January 31, 2008 24:00

By

Julia Neuberger,

Julia Neuberger

7 min read

One of the catchphrases of the report of the Commission on the Future of Volunteering, published earlier this week, was getting the concept of volunteering “into the DNA of our society”. I often feel it is already there within our community — that the impulse towards doing a mitzvah, performing a good deed, and volunteering to help feels as if it is in our genes already, though we know it cannot be. But that strong impetus is ever present in our tradition, our acculturation, and our law.

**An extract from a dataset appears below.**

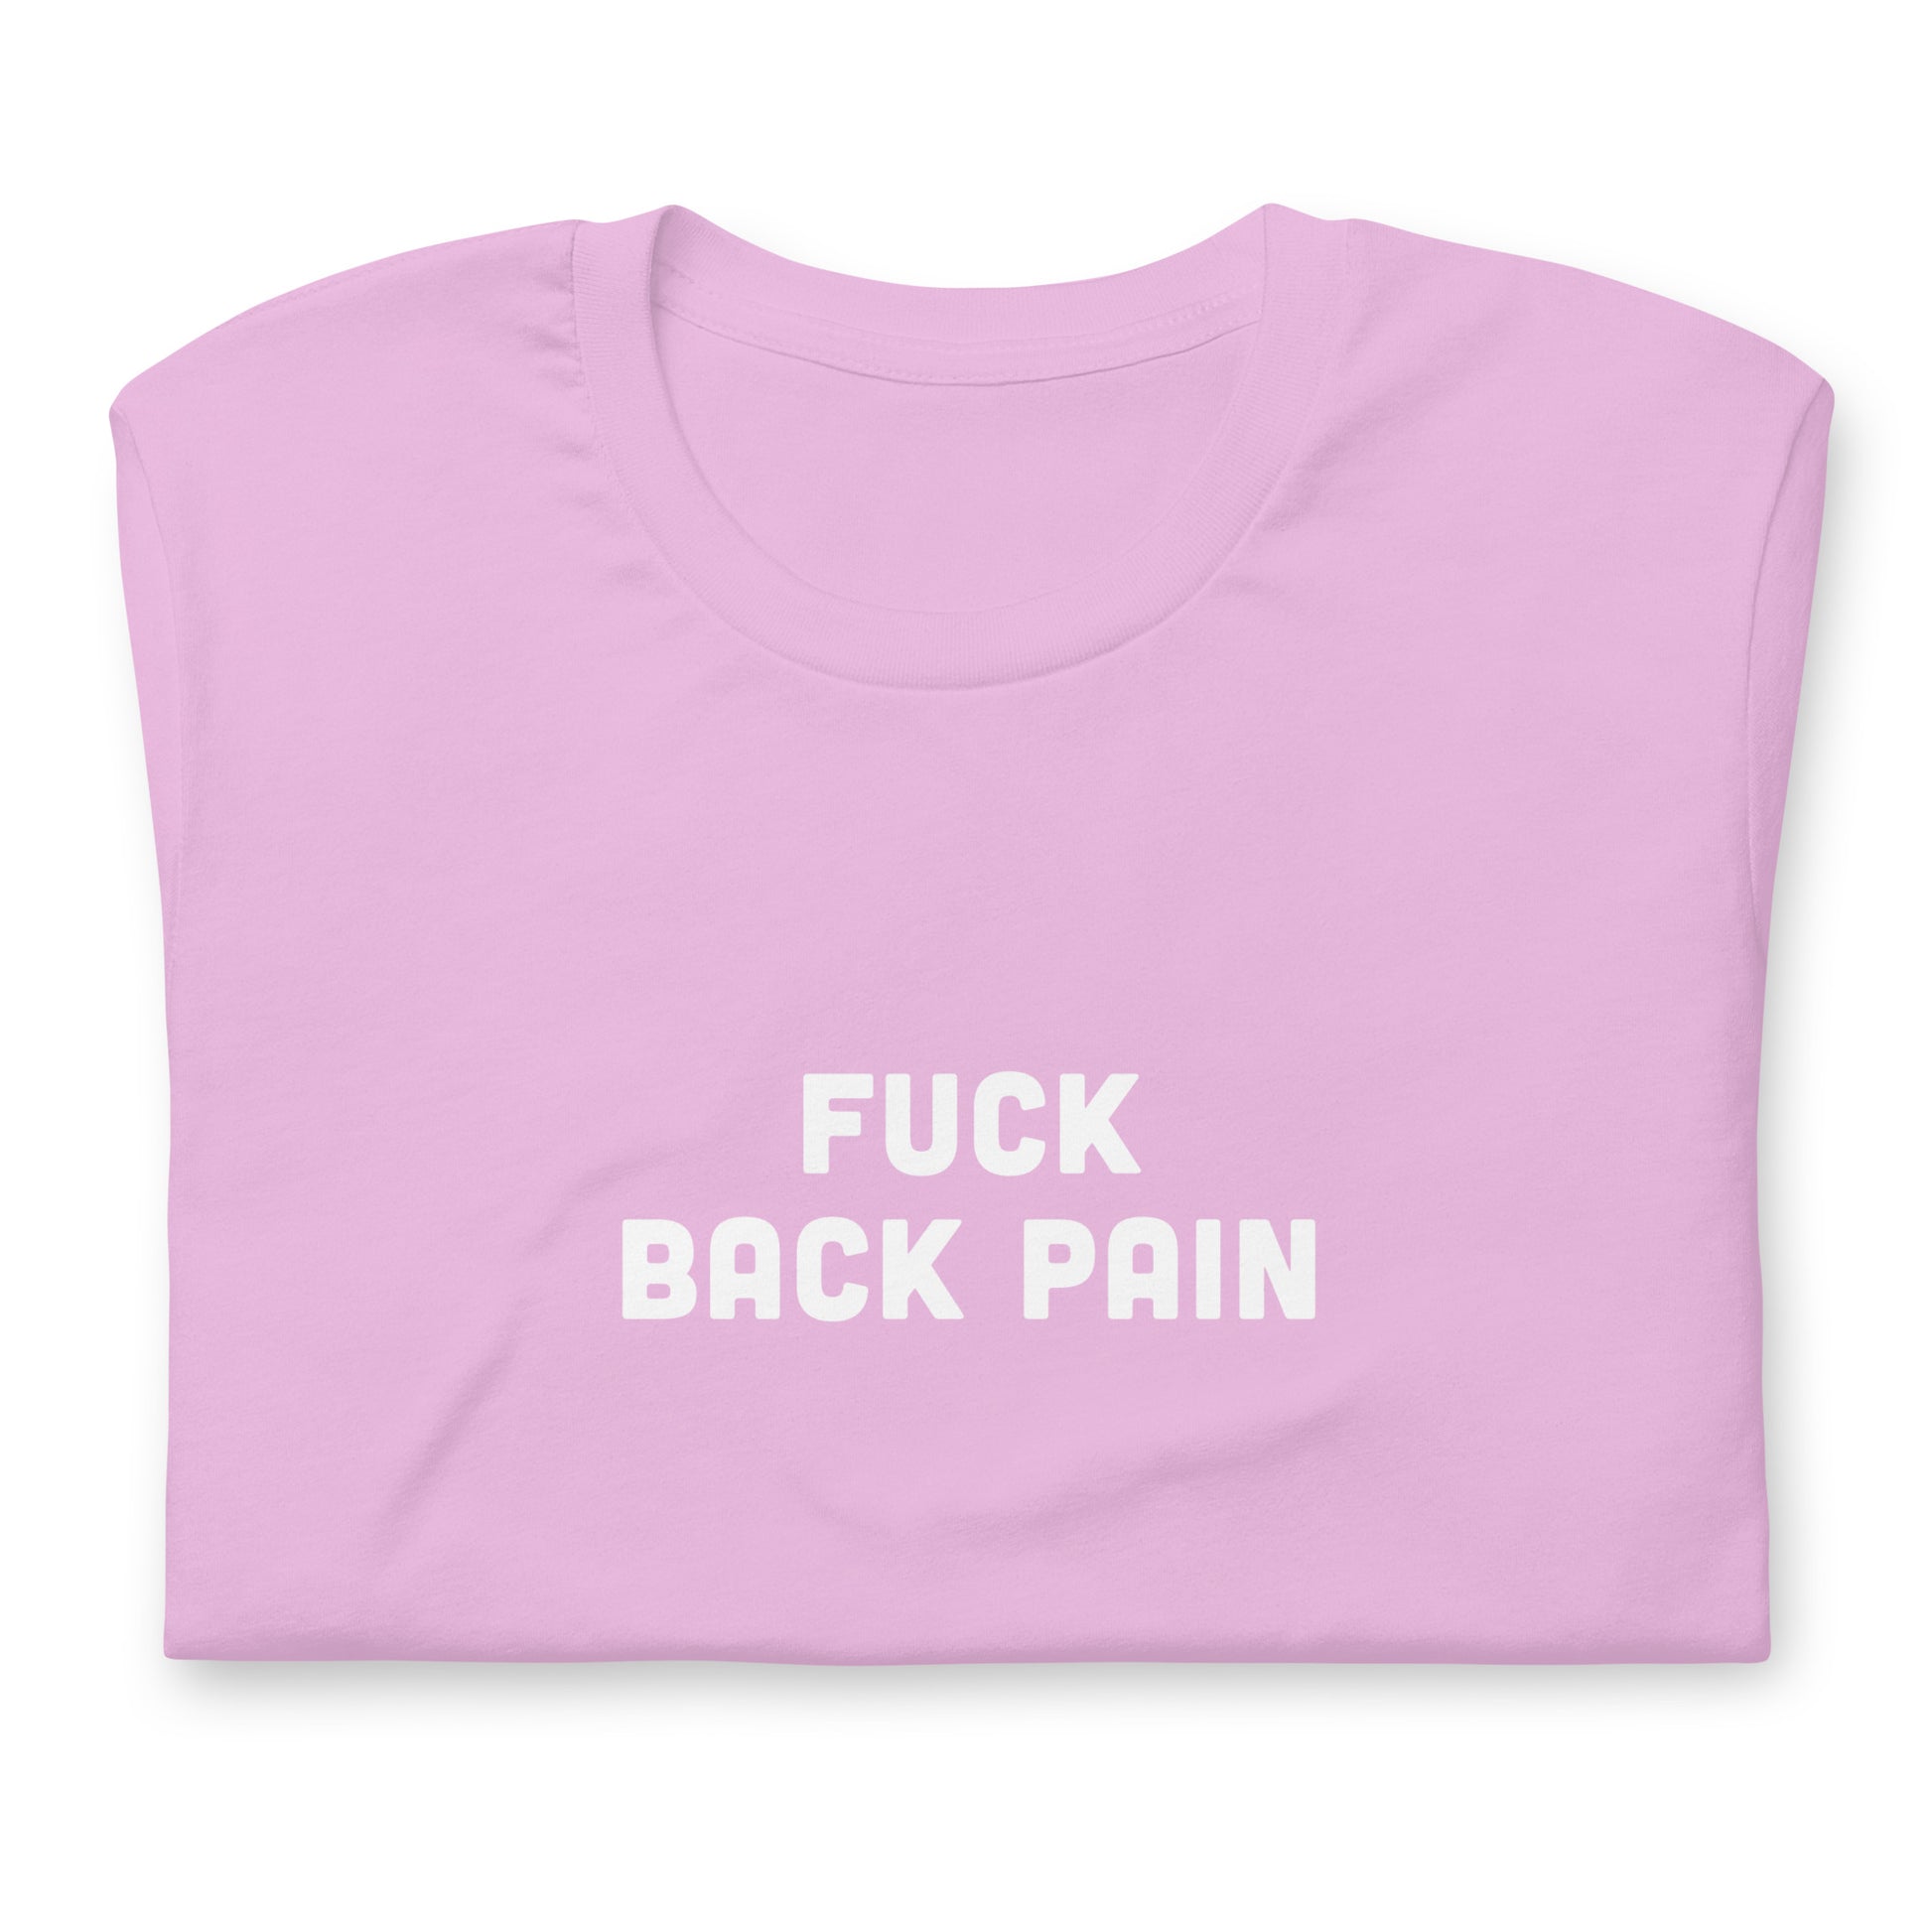 Fuck Back Pain T-Shirt Size XL Color Forest

We all know what “doing a mitzvah” means, even though the term mitzvah does not literally mean doing a good deed, but rather carrying out one of the commandments in the Torah. The concept of gmillut chassadim, deeds of loving-kindness, for want of a better translation, comes nearer “good deeds” as we normally understand them. The rabbis broadened the concept of the mitzvah of tzedakah — the religious obligation to give charity — into gmillut chassadim, deeds carried out from the goodness of your heart, not necessarily because you have been commanded to do them.

That is what is meant in that famous quotation from Pirkei Avot, or the Ethics of the Fathers:

“Al shloshah devarim ha’olam omed, al ha’Torah, ve’al ha-avodah, ve’al gmillut chassadim.” “The world is sustained by (literally ‘stands on’) three things — by the Torah, by worship, and by gmillut chassadim.” (Mishnah: Avot 1:2.)